On Brisbane’s northern outskirts in the local government area of Moreton Bay, Redcliffe and its surrounds has long been considered an investor hot spot and now, Ray White Redcliffe agent Ian Kilpatrick said any impediments that may have held investors from purchasing there previously – such as its distance from Brisbane’s CBD – were no longer applicable.

“Our vacancy rate here is extremely low. From an office point of view, we’ve had less than 1 per cent vacancy rate since earlier this year. It’s been quite amazing the number of people looking to rent.

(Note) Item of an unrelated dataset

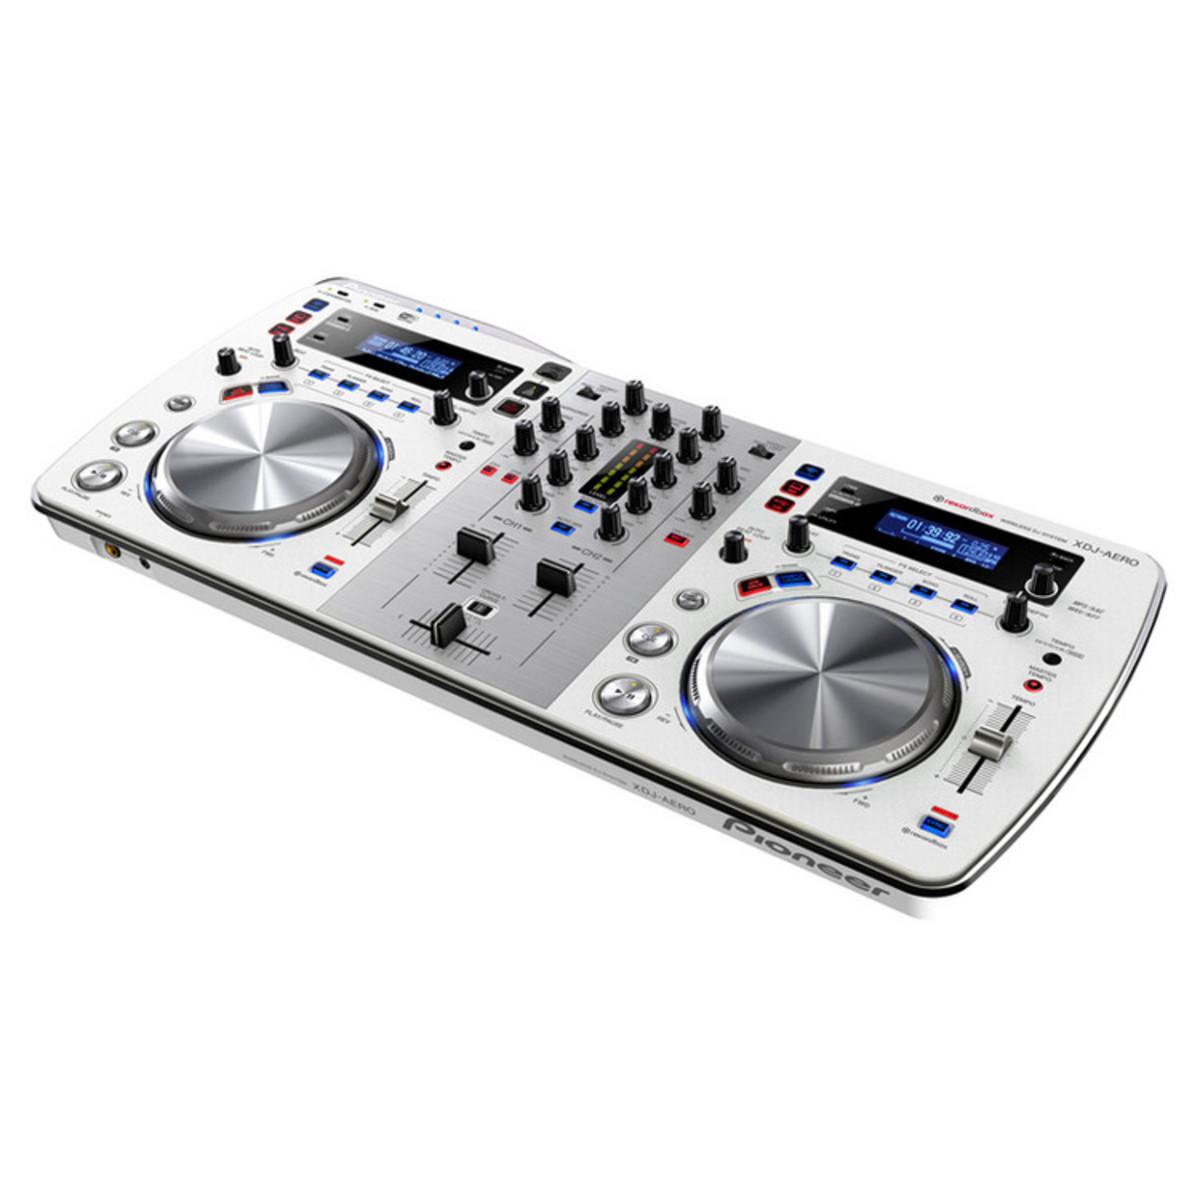 Pioneer XDJ-AERO DJ Controller Drivers for Windows 7

The working-from-home thing is a big factor,” he said.

He said investors were following the trend among owner-occupiers to look for property in lifestyle locations outside of the usual inner-city hot spots.

“I would agree with that trend of investors turning away from inner-city markets to the outer suburbs and regional areas.” he said. “We’ve always had a very strong investor market here but now, the suburbs are doing far, far better.

“We’ve been quite surprised.”

The 2020 PIPA Annual Investor Sentiment Survey found that 41 per cent of investors intended to buy in a different state to the one they live in within the next 12 months.

The survey also found 36 per cent of investors believe Brisbane offers the best investment prospects over the next year.

It was the fifth year in a row that Brisbane was the No.1 pick for investors in the survey.